With aging baby boomers as its driving force, demand will remain high for more than a decade as hospitals make the switch to intensivist-managed ICUs and as more and more payers insist they have full-time critical care physicians on staff. "Even if we doubled the number of fellowships over the next 10 years, there still wouldn't be enough intensivists to meet the job market's needs," says Gerald Maccioli, president of the American Society of Critical Care Anesthesiologists. If current trends continue, there could be a shortage of intensivists by 2020.

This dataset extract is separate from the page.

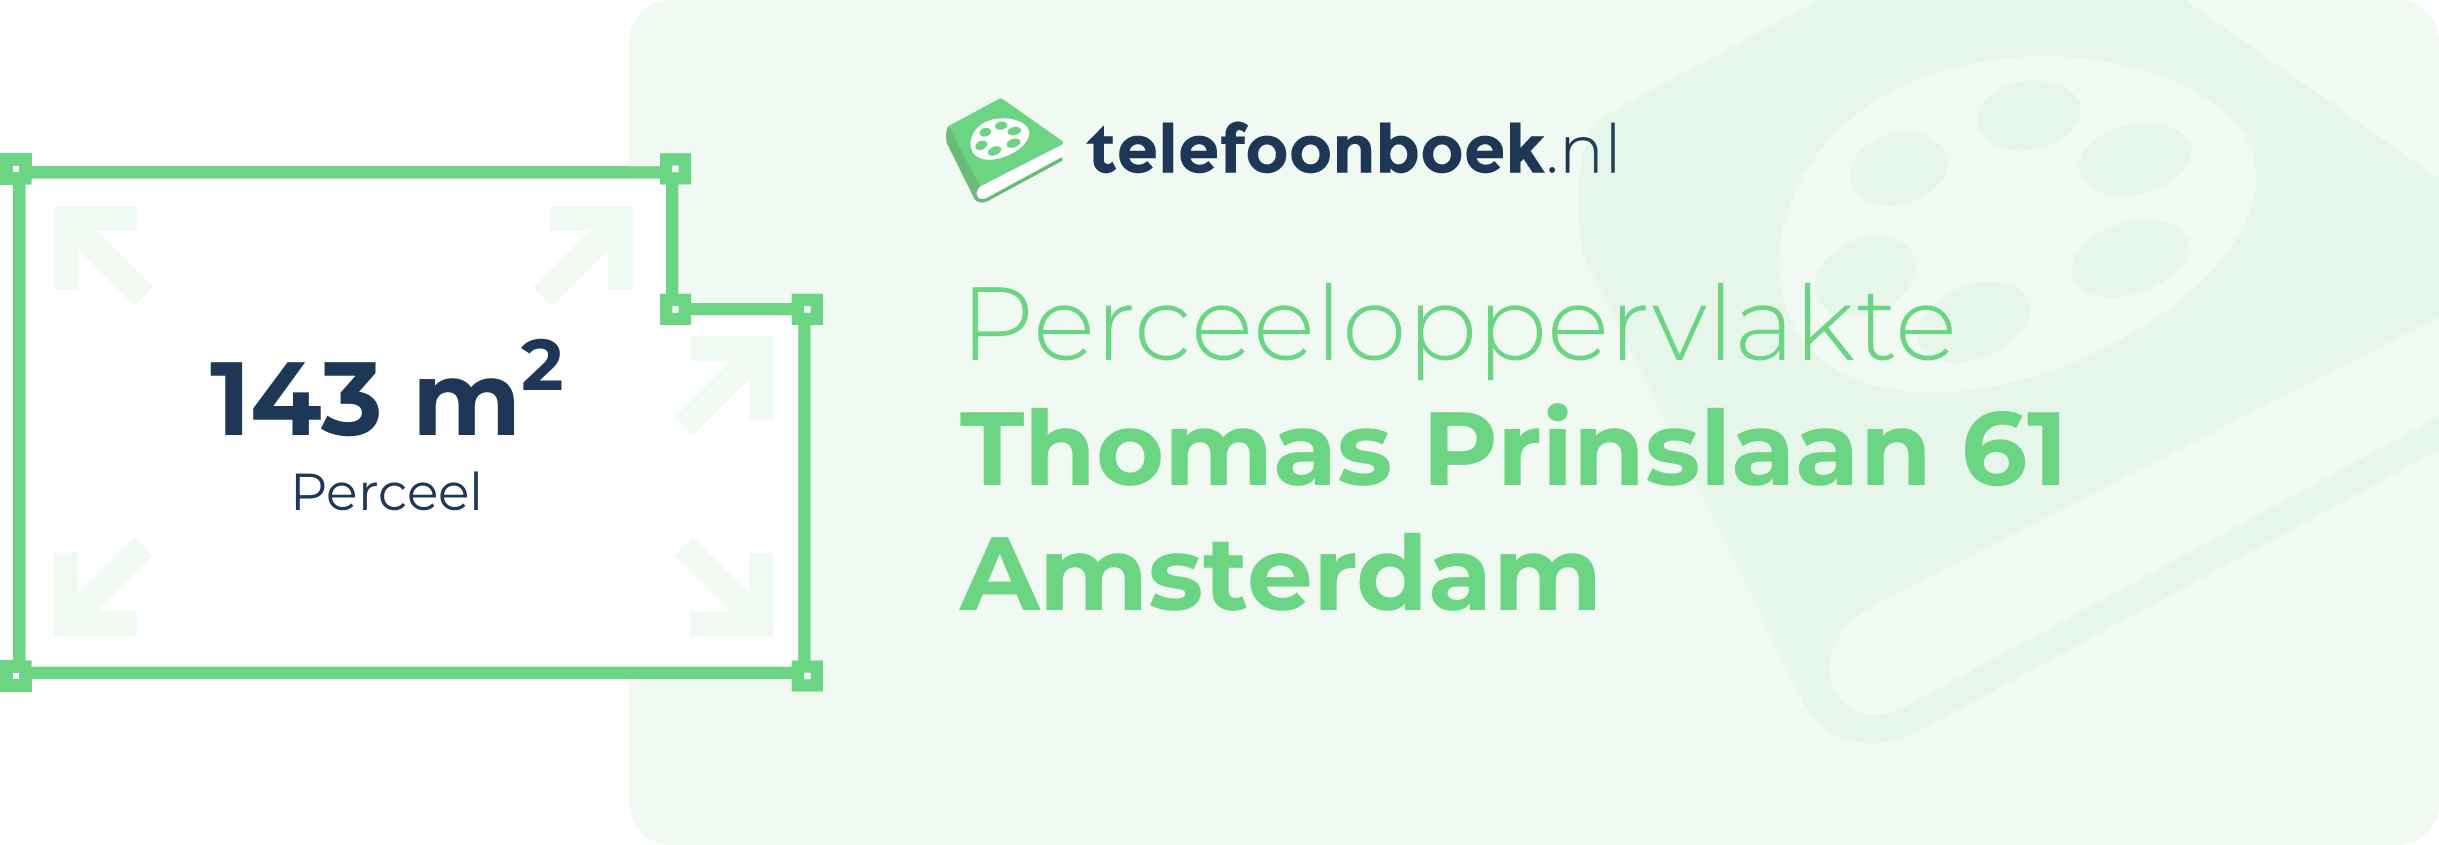 Perceeloppervlakte Thomas Prinslaan 61 Amsterdam

From a lifestyle point of view, part of critical care's appeal, says Derek Angus, chairman of the department of critical care medicine at the University of Pittsburgh, is its reinvention as a shift specialty, much like emergency medicine or trauma surgery, with concrete hours—when you're done, you're done. And with a competitive starting salary of around $187,000—and $215,000 for critical care plus pulmonology—the field is likely to attract even more interest.
Critical care medicine is attractive to physicians from a range of medical backgrounds, a feature many experts believe makes for superior patient care and, ultimately, better outcomes in the ICU. While more than 80 percent of intensivists come from internal medicine, those with residency training in general surgery, anesthesiology, pediatrics, and obstetrics and gynecology, can obtain a fellowship or certification in critical care medicine.